What needs to be done: Word for word, set down every line of the entries below from the line with "來基隆港搭郵輪的遊客,常從二樓滿到一樓再滿到門口。記者吳淑君/攝影" to the line with "Energetické úspory objektu", including both, and no other line.

Data shown:
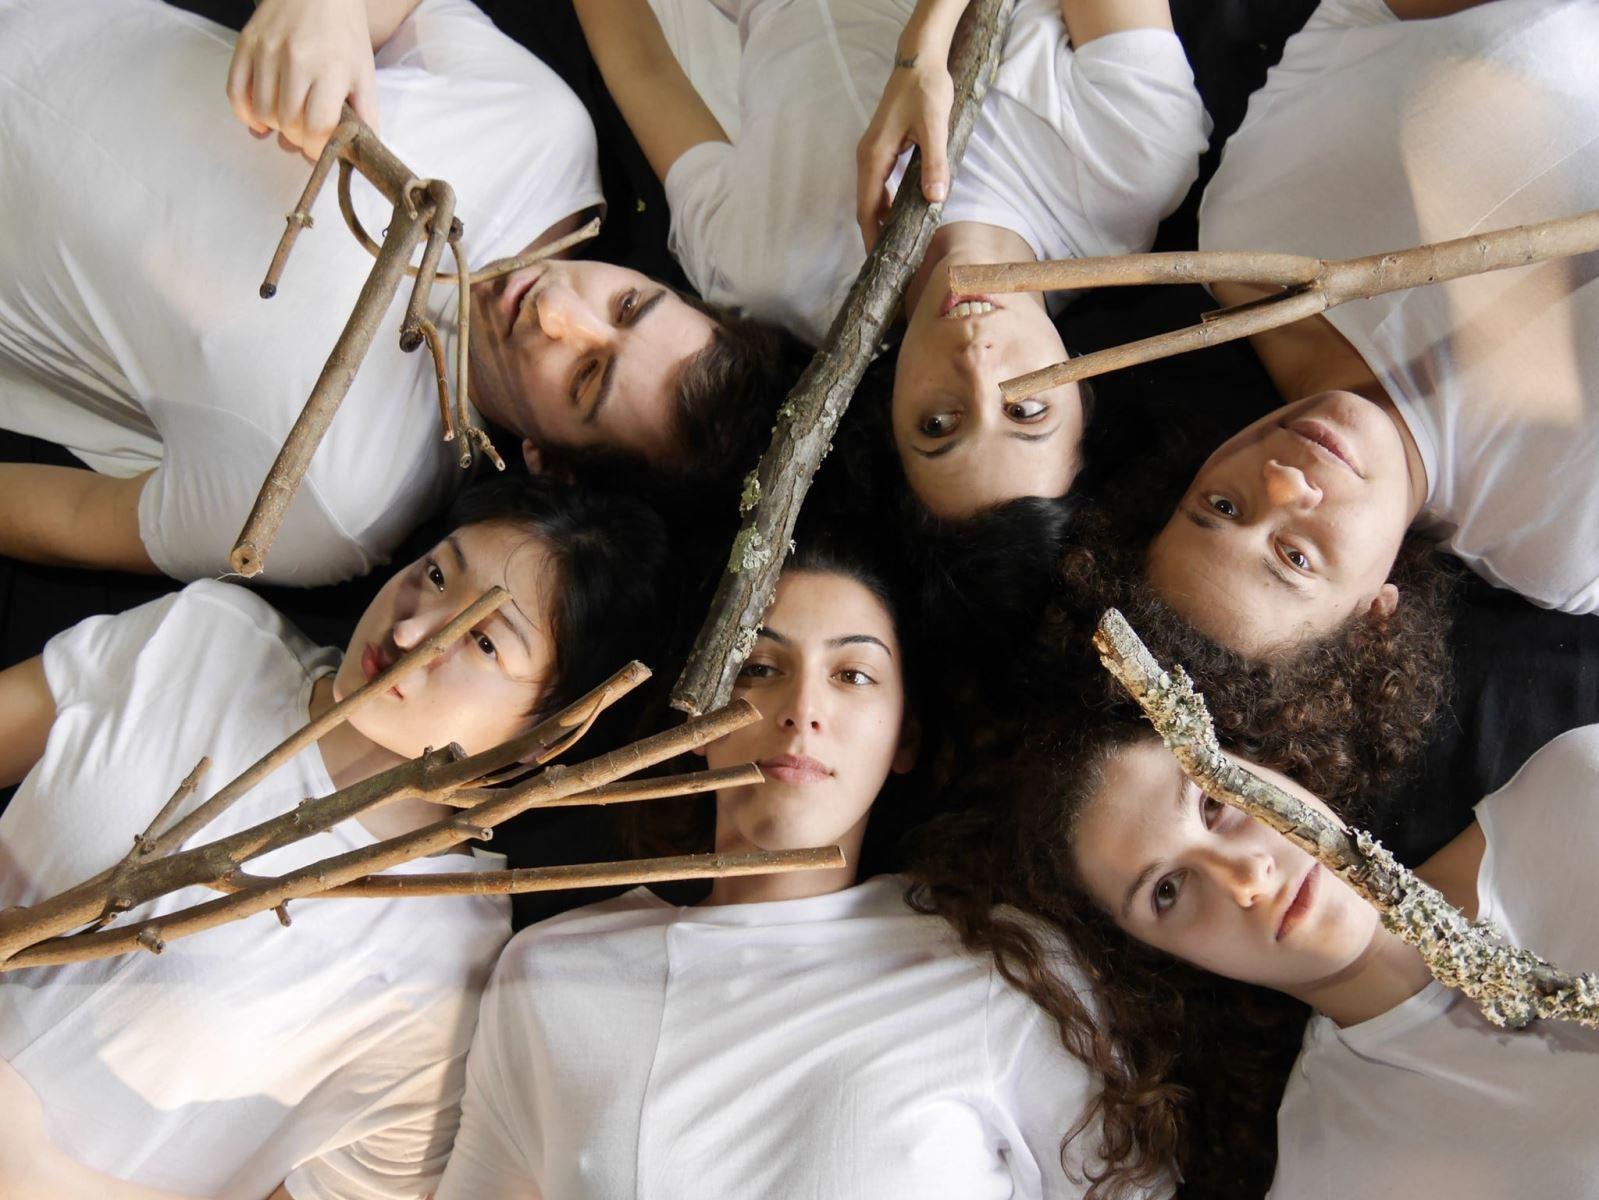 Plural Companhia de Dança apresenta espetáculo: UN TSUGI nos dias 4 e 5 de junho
---
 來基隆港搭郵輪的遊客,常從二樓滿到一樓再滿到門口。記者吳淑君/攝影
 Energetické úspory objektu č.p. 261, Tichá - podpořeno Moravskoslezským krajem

Your response:
 來基隆港搭郵輪的遊客,常從二樓滿到一樓再滿到門口。記者吳淑君/攝影
 Energetické úspory objektu č.p. 261, Tichá - podpořeno Moravskoslezským krajem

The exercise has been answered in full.